■ Task instructions:
The records below are to be restated word for word, with every picture left out.

■ Task input:
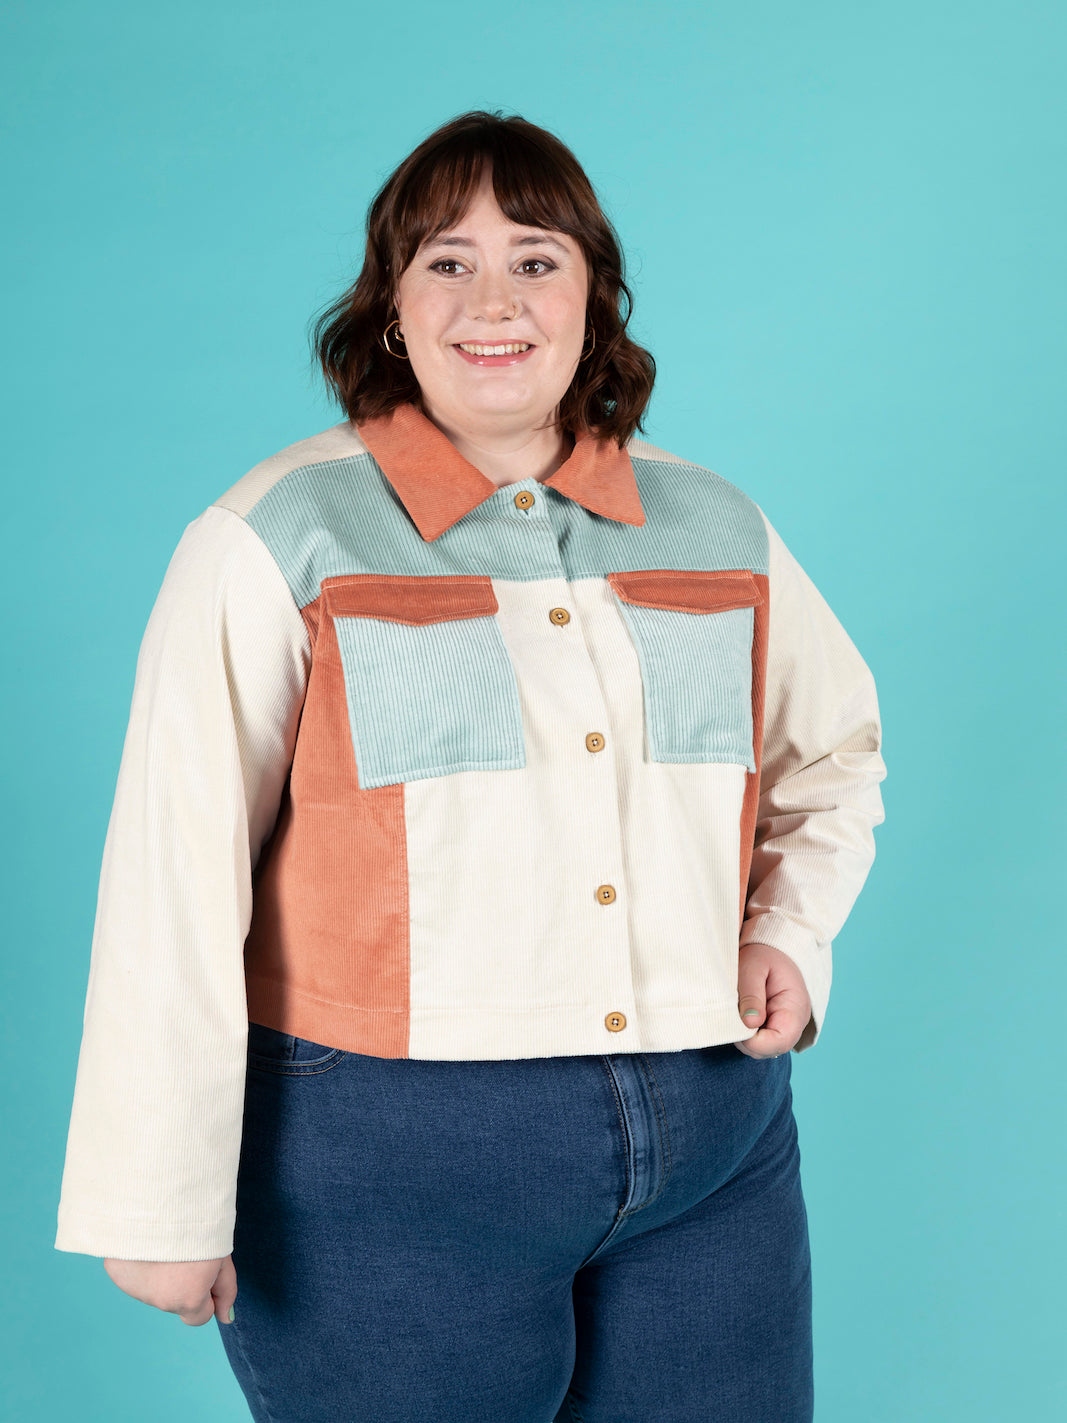 Woman wearing the Sonny Jacket sewing pattern from Tilly and the Buttons on Fold Line. A jacket pattern made in denim, twill, canvas, corduroy, jacquard or wool fabrics, featuring a boxy fit, drop shoulders, pointed collar, front and back yokes, chest poc
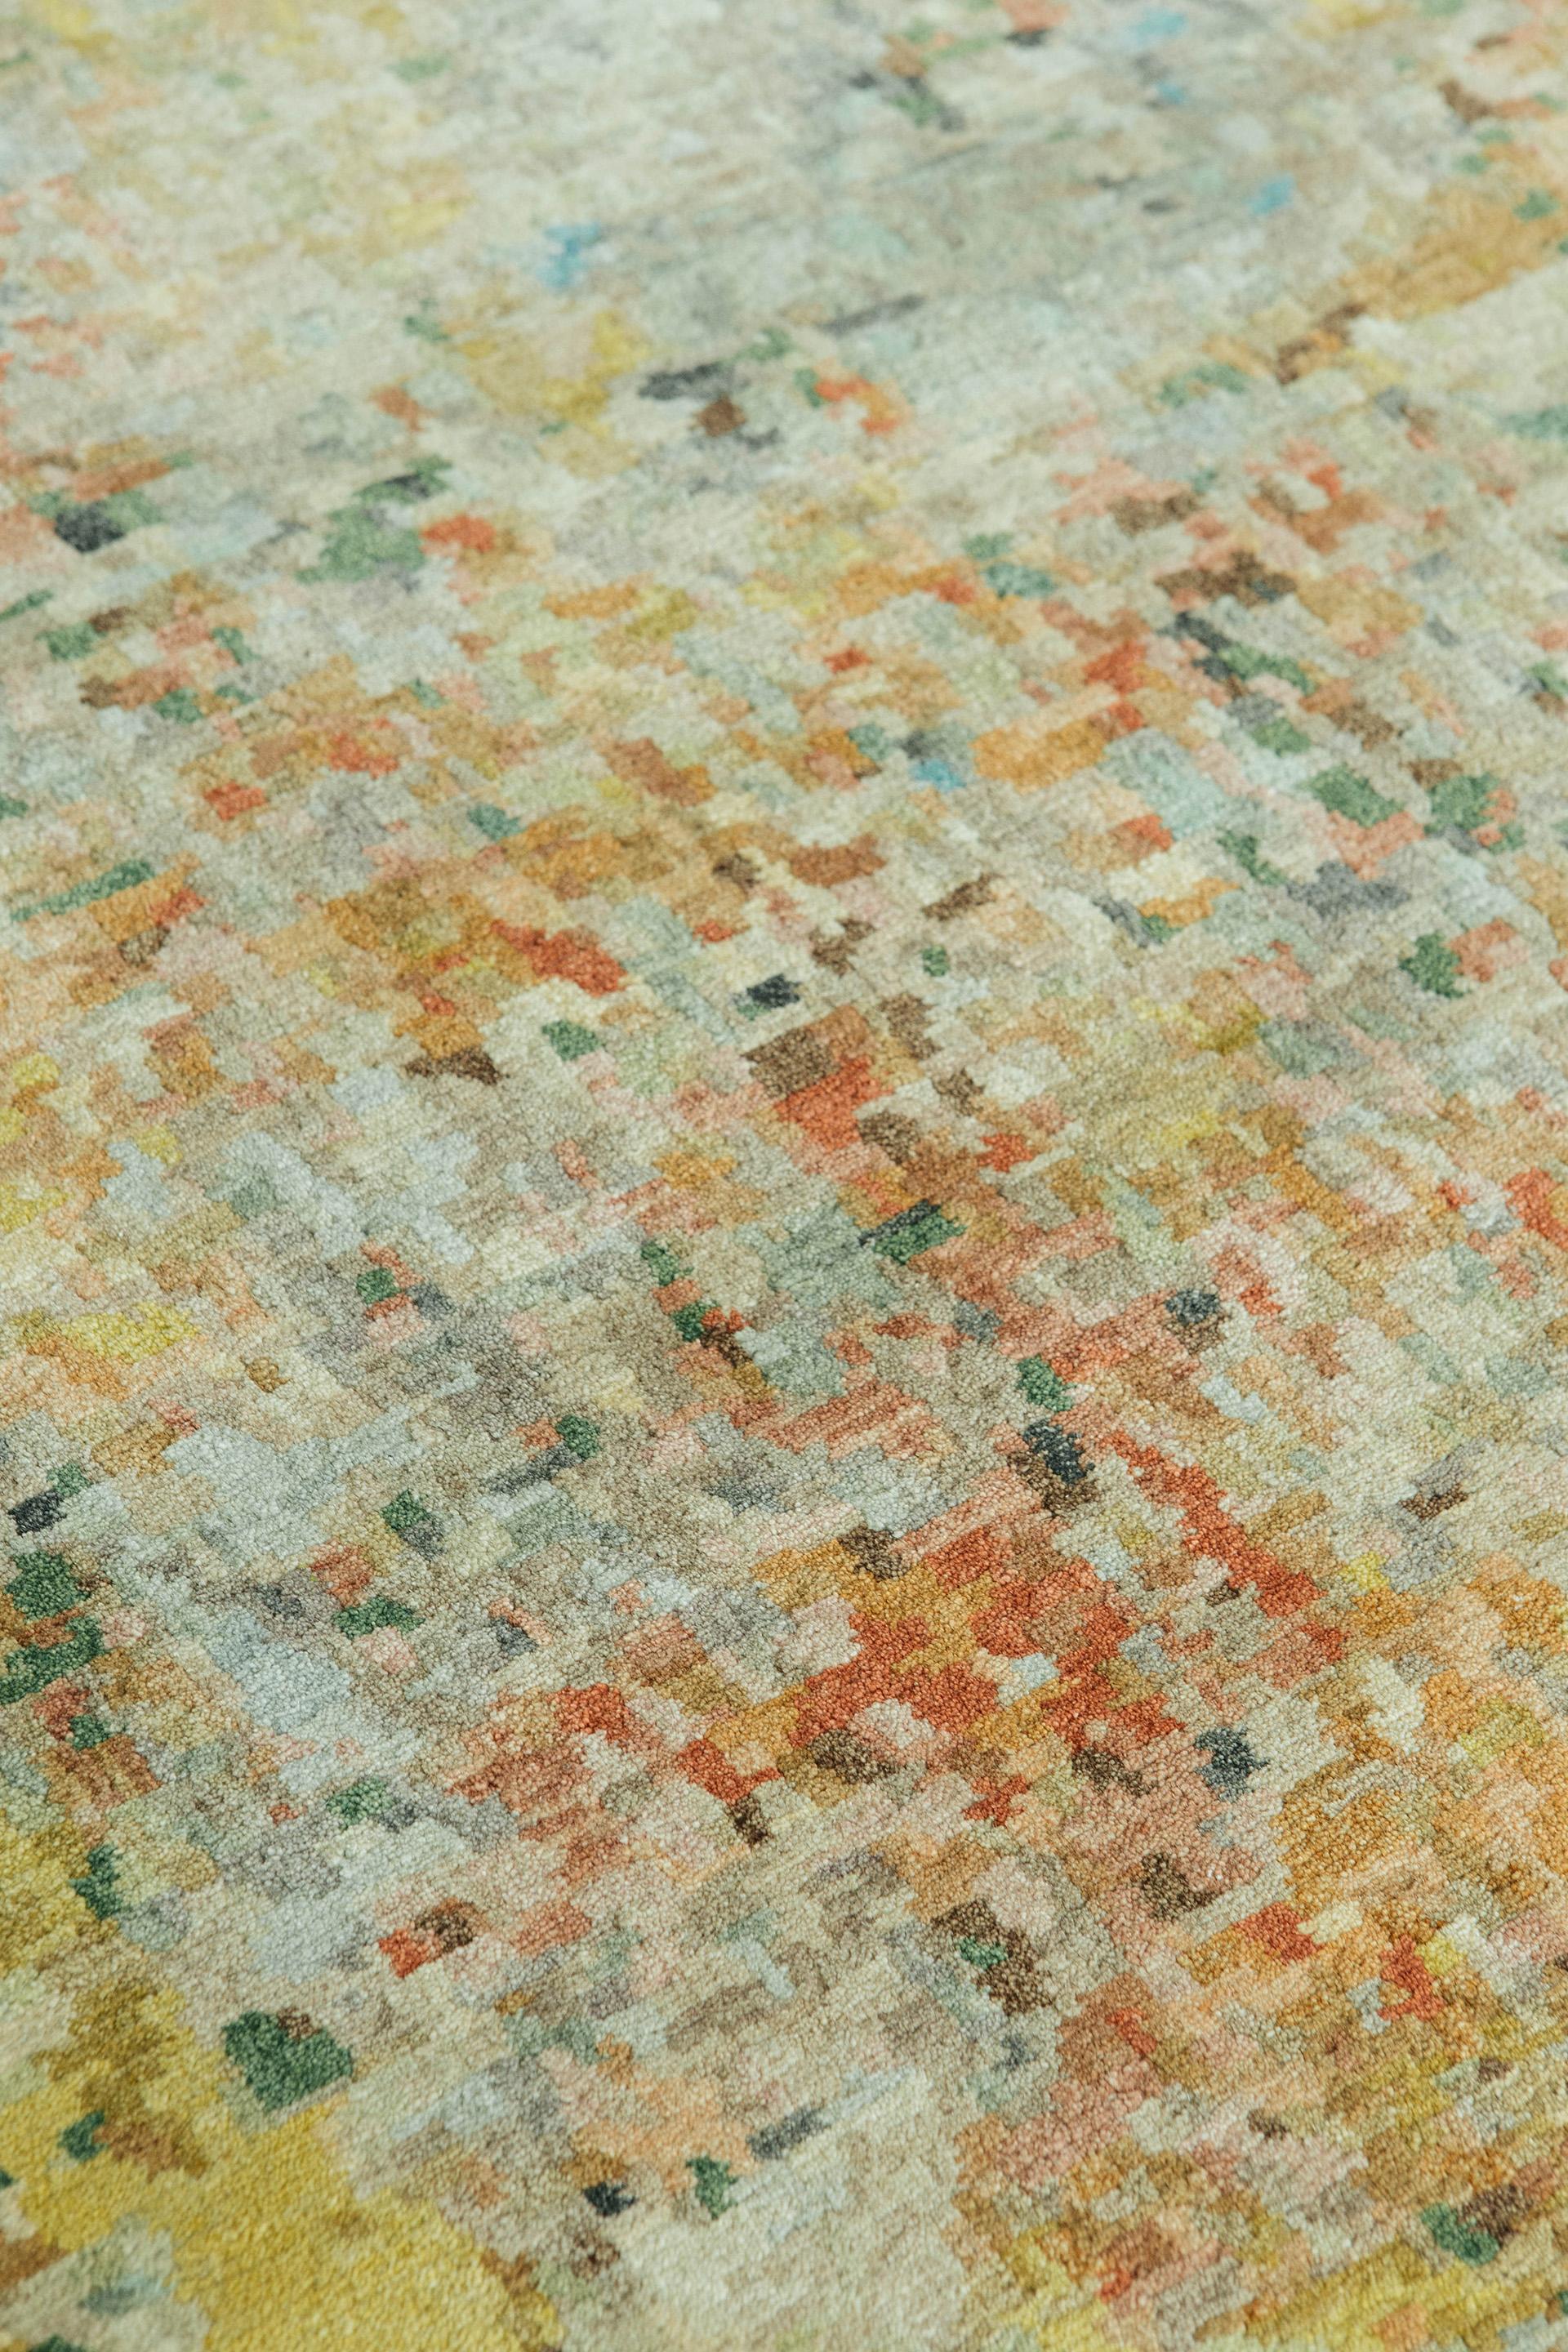 Verdant Conjure resembles a field of beautiful florals. The abundance of colors creates an invigorating experience throughout colorful this wool and silk pile weave.

Rug number: 26378
Size: 9' 0
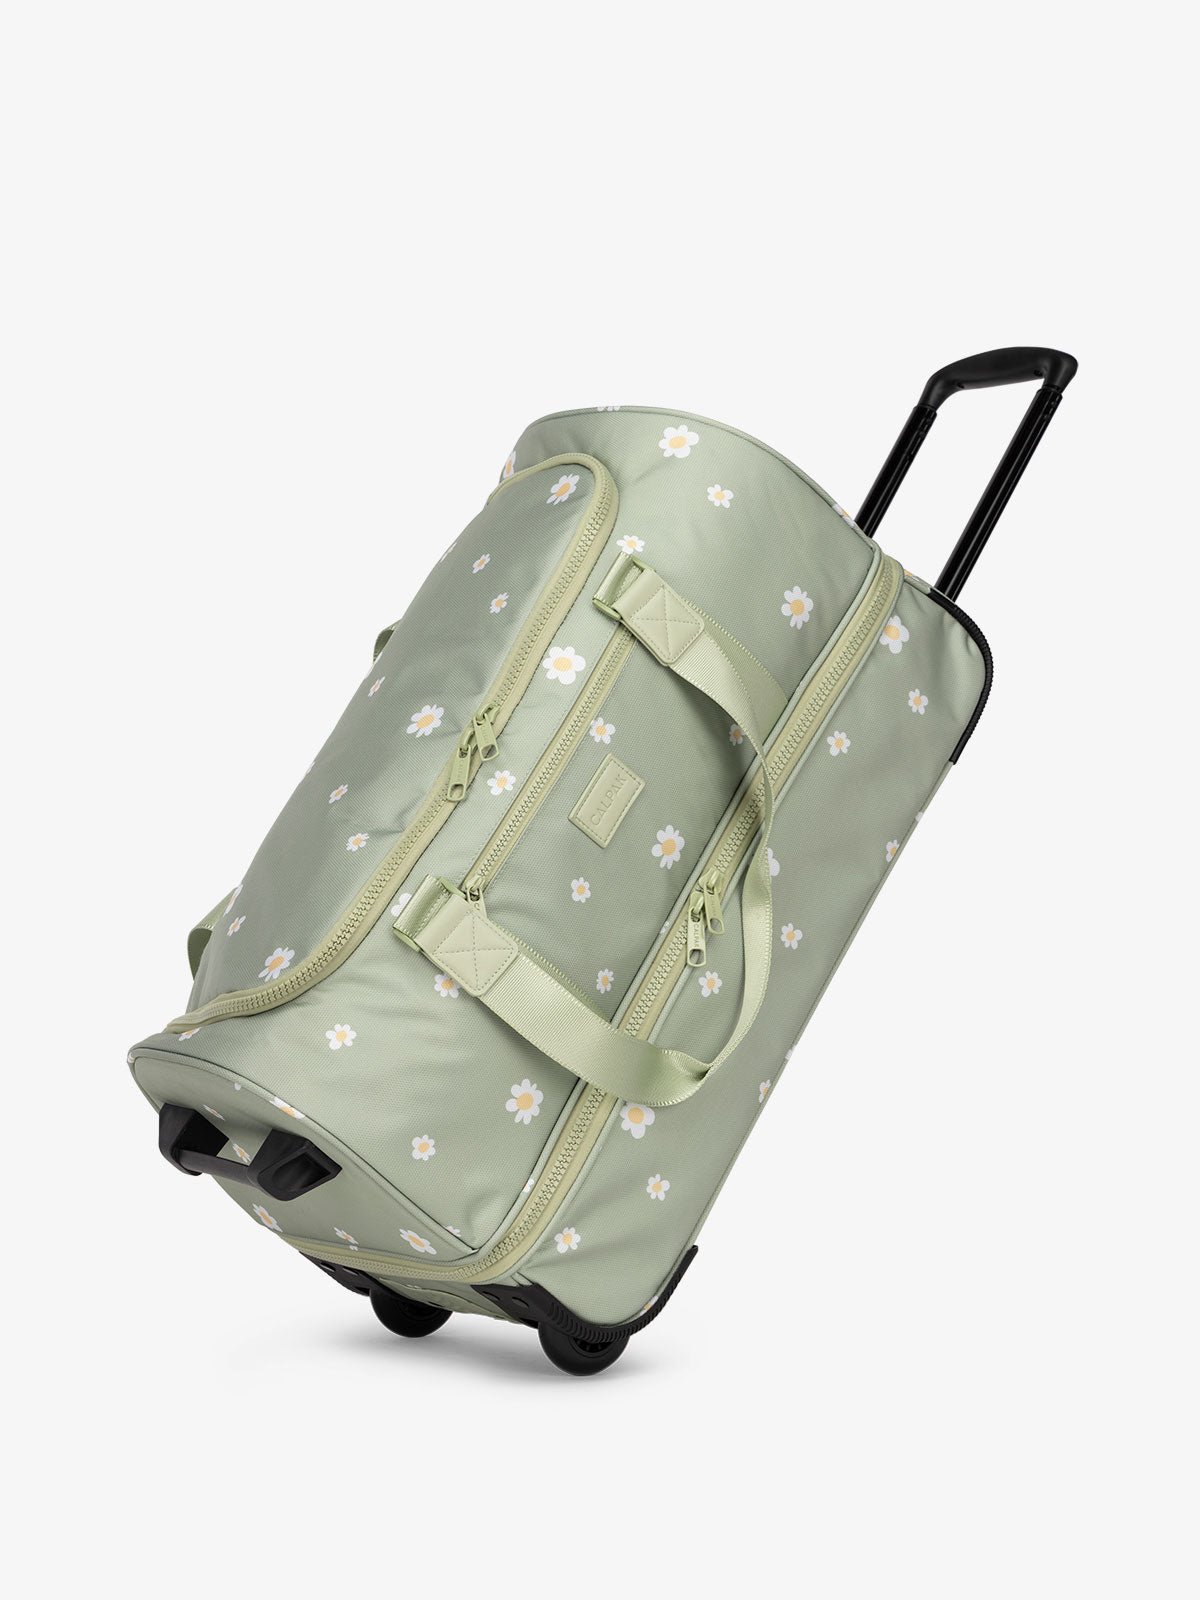 CALPAK Stevyn Rolling Duffel side view with top handle extended in daisy floral print

■ Output for this task:
 Woman wearing the Sonny Jacket sewing pattern from Tilly and the Buttons on Fold Line. A jacket pattern made in denim, twill, canvas, corduroy, jacquard or wool fabrics, featuring a boxy fit, drop shoulders, pointed collar, front and back yokes, chest poc
 Verdant Conjure resembles a field of beautiful florals. The abundance of colors creates an invigorating experience throughout colorful this wool and silk pile weave.

Rug number: 26378
Size: 9' 0
 CALPAK Stevyn Rolling Duffel side view with top handle extended in daisy floral print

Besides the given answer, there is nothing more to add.